Note: This is an excerpt from an article that appeared in The Lookout, December 17, 2006 . I posted the beginning of the article a few weeks ago if you'd like to read it.
Gerard Manley Hopkins (1844-1889): British Victorian poet and priest.
Jeanne Murray Walker, professor of English at University of Delaware and award-winning author of six volumes of poetry: Gerard Manley Hopkins didn’t succeed in getting his work published during his lifetime. Now we think of him as one of the pre-eminent 19th century poets. Good for [beginning readers of poetry] are “Pied Beauty” and “God’s Grandeur.”
13. Pied Beauty
GLORY be to God for dappled things-
For skies of couple-colour as a brinded cow;
For rose-moles all in stipple upon trout that swim;
Fresh-firecoal chestnut-falls; finches’ wings;
Landscape plotted and pieced-fold, fallow, and plough; 5
And áll trádes, their gear and tackle and trim.

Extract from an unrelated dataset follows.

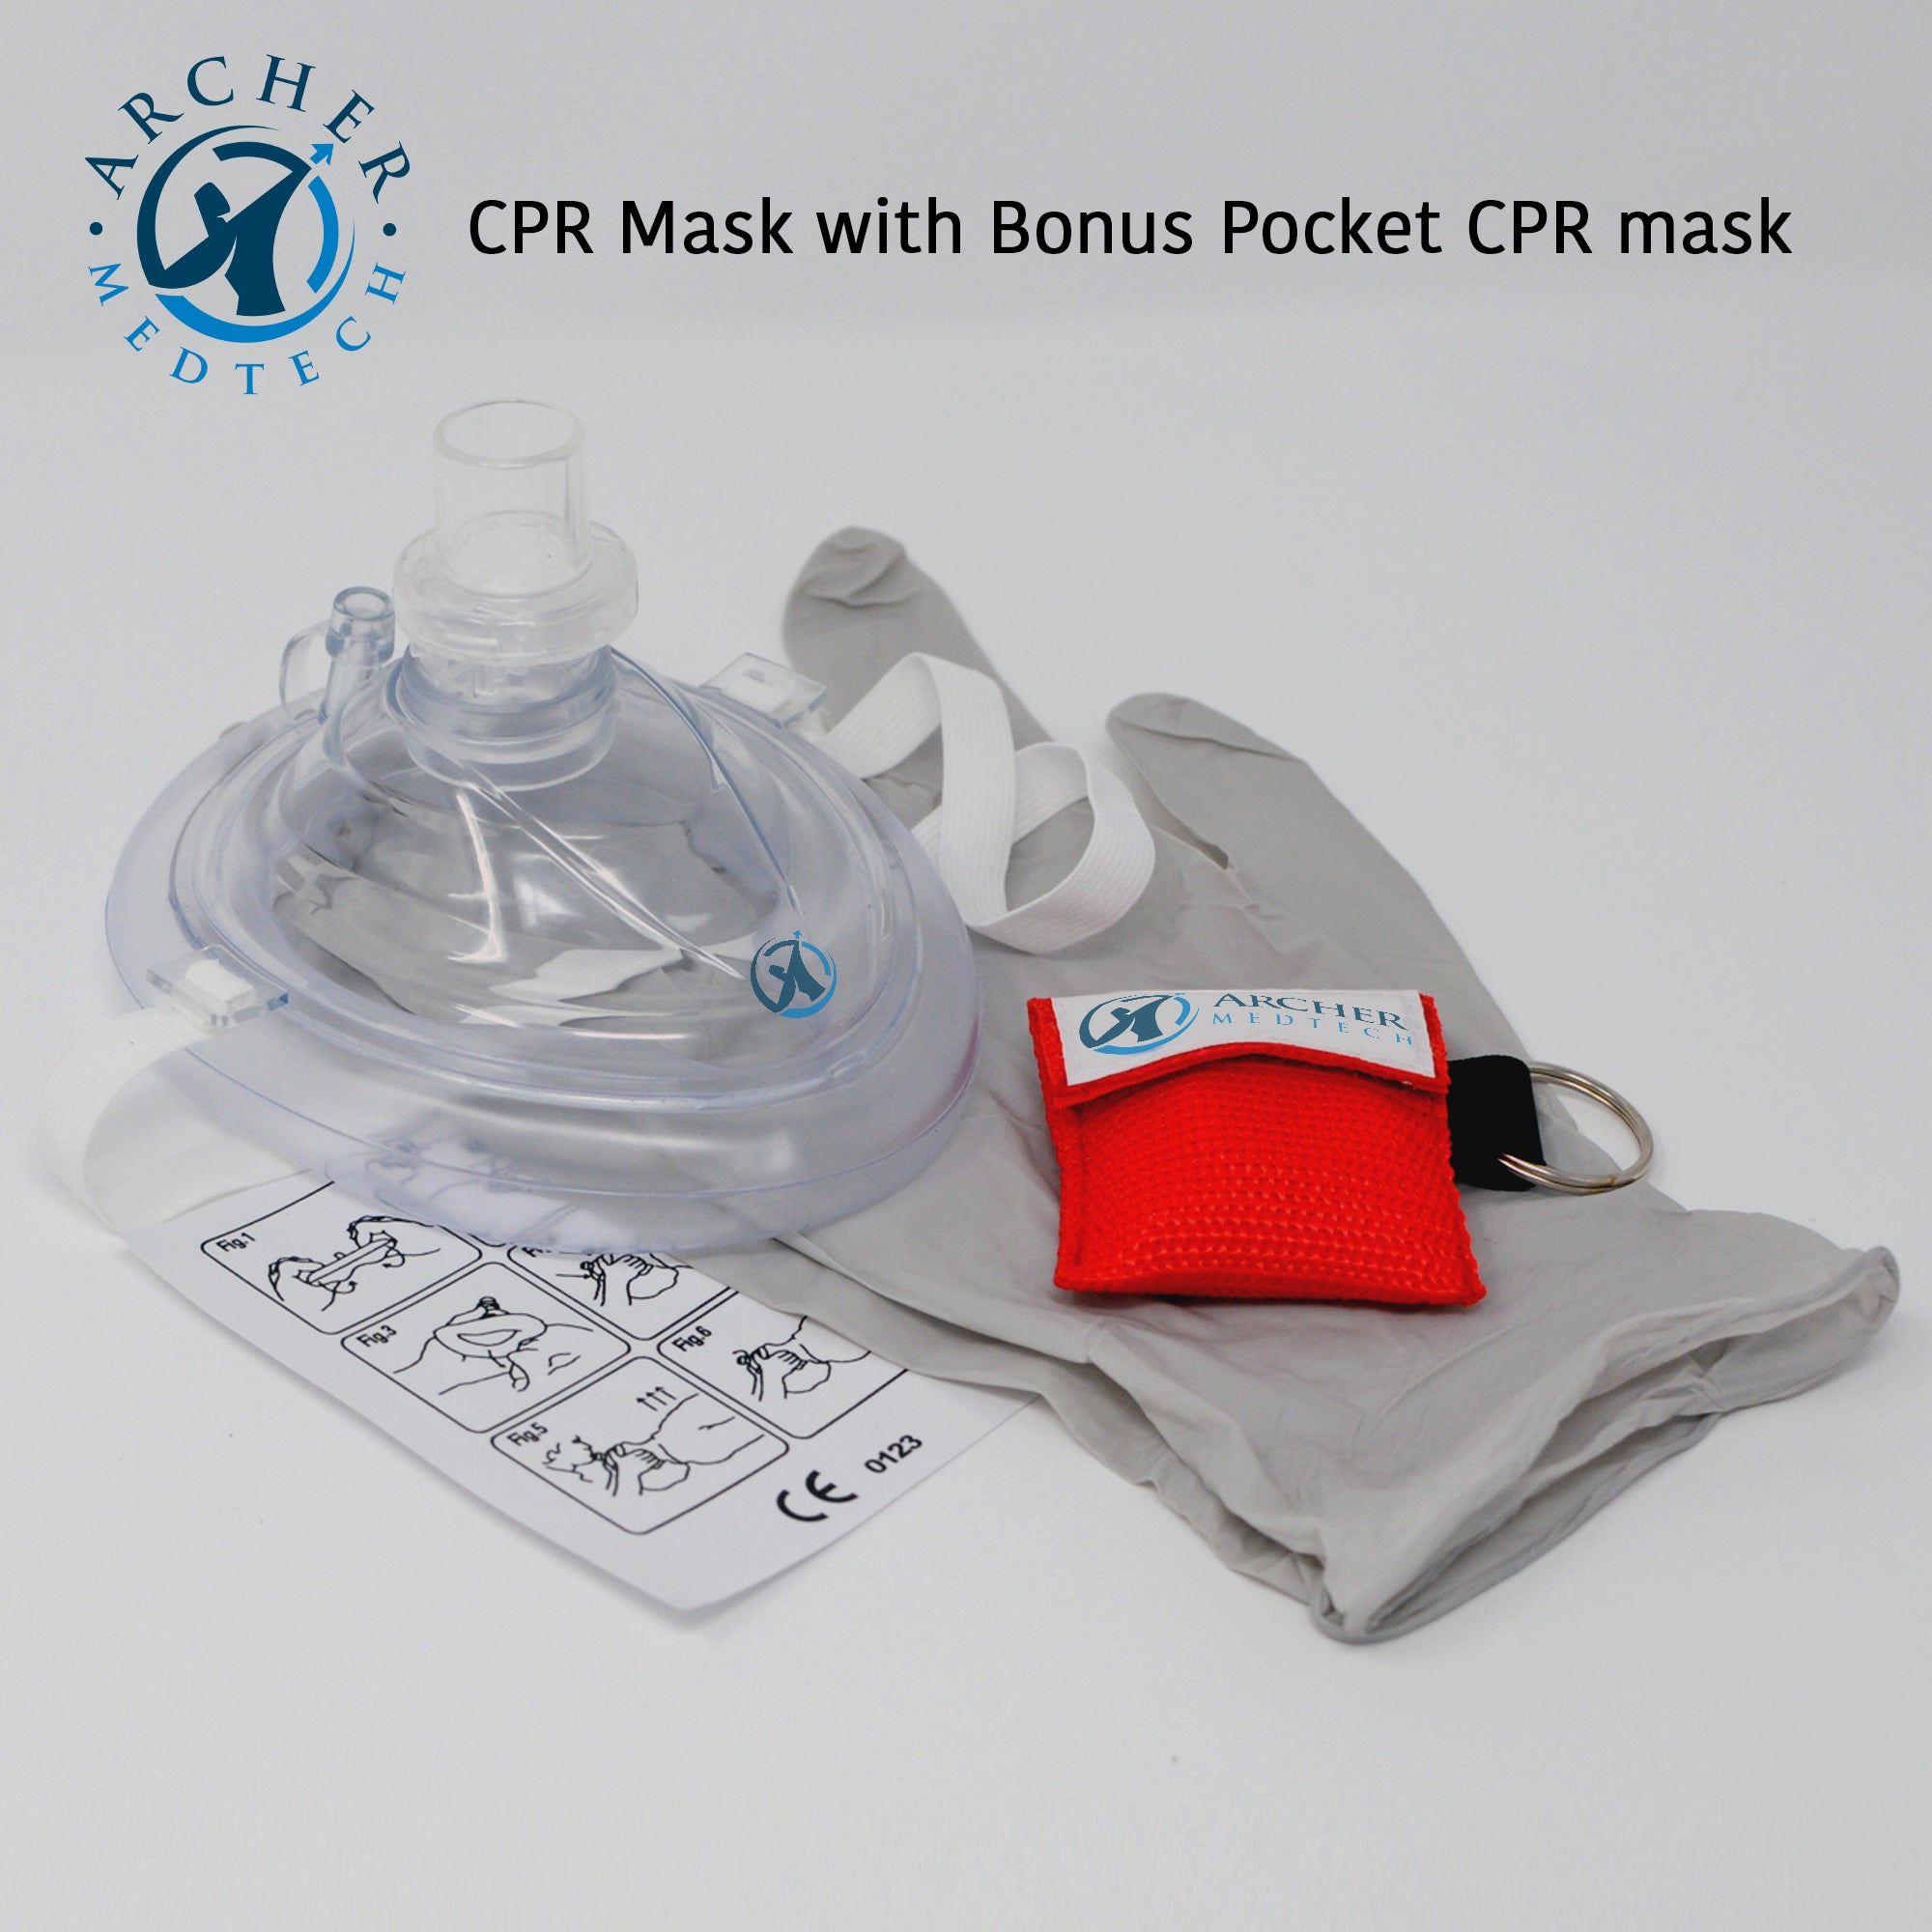 Archer MedTech CPR Mask with One-Way Breath Valve - First Aid Face Shi
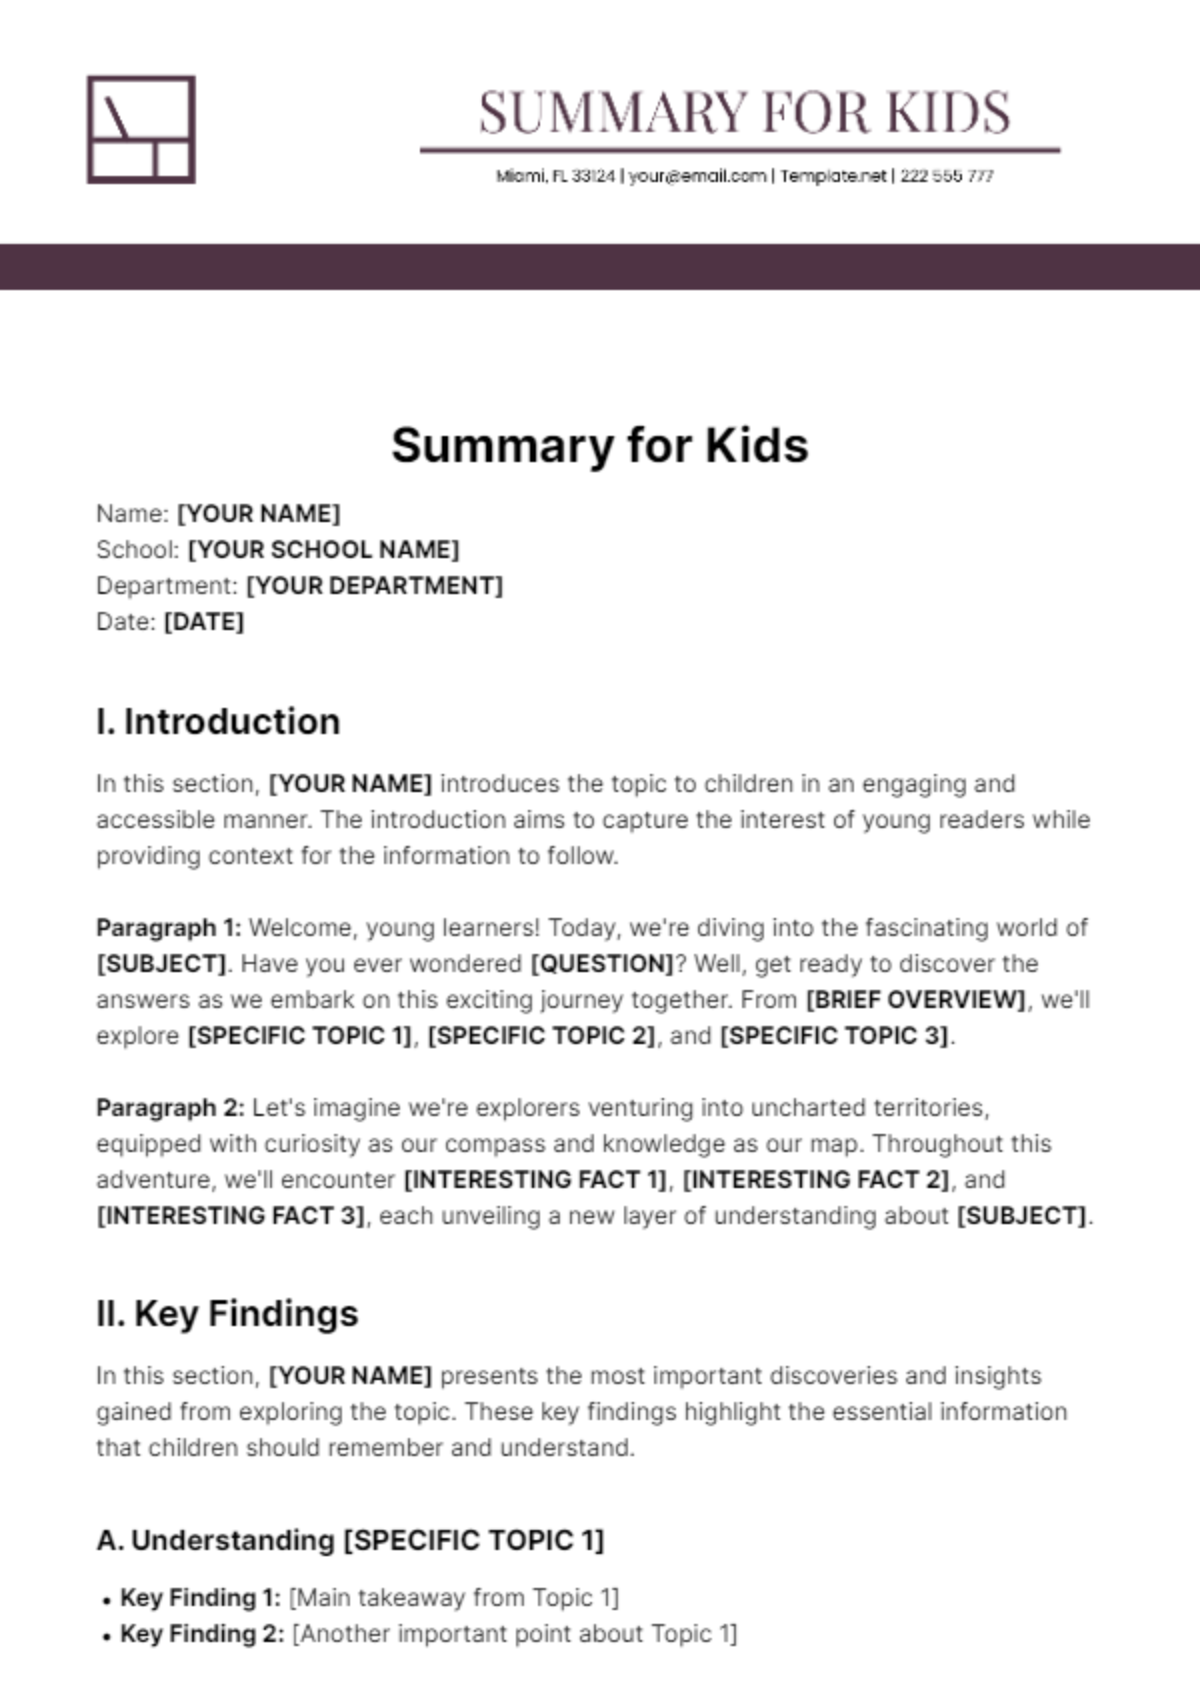 Summary for Kids Template

All things counter, original, spare, strange;
Whatever is fickle, freckled (who knows how?)
With swift, slow; sweet, sour; adazzle, dim;
He fathers-forth whose beauty is past change: 10
Praise him.
C. S. Lewis (1898-1963): Irish-born professor, scholar, novelist, and after converting to Christianity from atheism, a well-respected apologist for the faith.
David Bruce Linn, pastor-teacher, radio Bible teacher, and writer: C.S. Lewis, in his one piece As the Ruin Falls, destroys me with the transparency of a man whose heart has been stripped bare by the Holy Spirit. Phil Keaggy wrote this poem into a song which enabled many of us to memorize it easily. It was not hard to remember, but it has taken me decades to appreciate the burning depths of spiritual reality Lewis expressed.
Here are some contemporary poets whose faith informs their work.
Wendell Berry (1934- ): American poet, novelist, essayist, and farmer.
Beverly Key, visual artist: I love Wendell Berry. He is from Kentucky, lives on a farm and taught for many years at the University of Kentucky. His work is tied to the land and ecology and our responsibility to it as Christians and humans. Two particular favorites begin - “When despair for the world grows in me” and “I think of Gloucester blind, led through the world.”
I respect Berry’s balanced view of what is God’s responsibility and what is our responsibility. Berry seems to be the kind of man who lives his beliefs, has a deep reverence for life and a keen sense of justice. Whenever I read him I take hope.
Jane Kenyon (1947-1995): American poet and translator.
Phil Bauman, senior pastor: Jane Kenyon wandered away from Christianity. While at college at the University of Michigan, she married her professor, Donald Hall (who is the past Poet Laureate of the U.S.). They moved back to New Hampshire and started attending a little country church and over time she regained her faith. She wrote one of my favorite poems called “Let Evening Come.” I like its confidence and gentleness, both rooted in the lovingkindness and faithfulness of God. I find it almost musical and read it like a psalm, or as a litany.
Other contemporary poets recommended by our readers include Scott Cairns, Robert Seigel, Luci Shaw, and Jeanne Murray Walker.
This week, I'm going to visit two good friends. I'll post again on Friday instead of Thursday.
1 comment:
Do you know where C.S. Lewis was born? I'll have to look that up. I just found out where in Ireland my ancestors are from and I am curious.
I enjoyed this walk through the great poetry. It's been a long time since I sat and thought about poets and poetry.
Two of my four sons write "poetry" that just takes my breath sometimes! It's interesting how a turn of phrase can move your brain into realms you hadn't imagined before.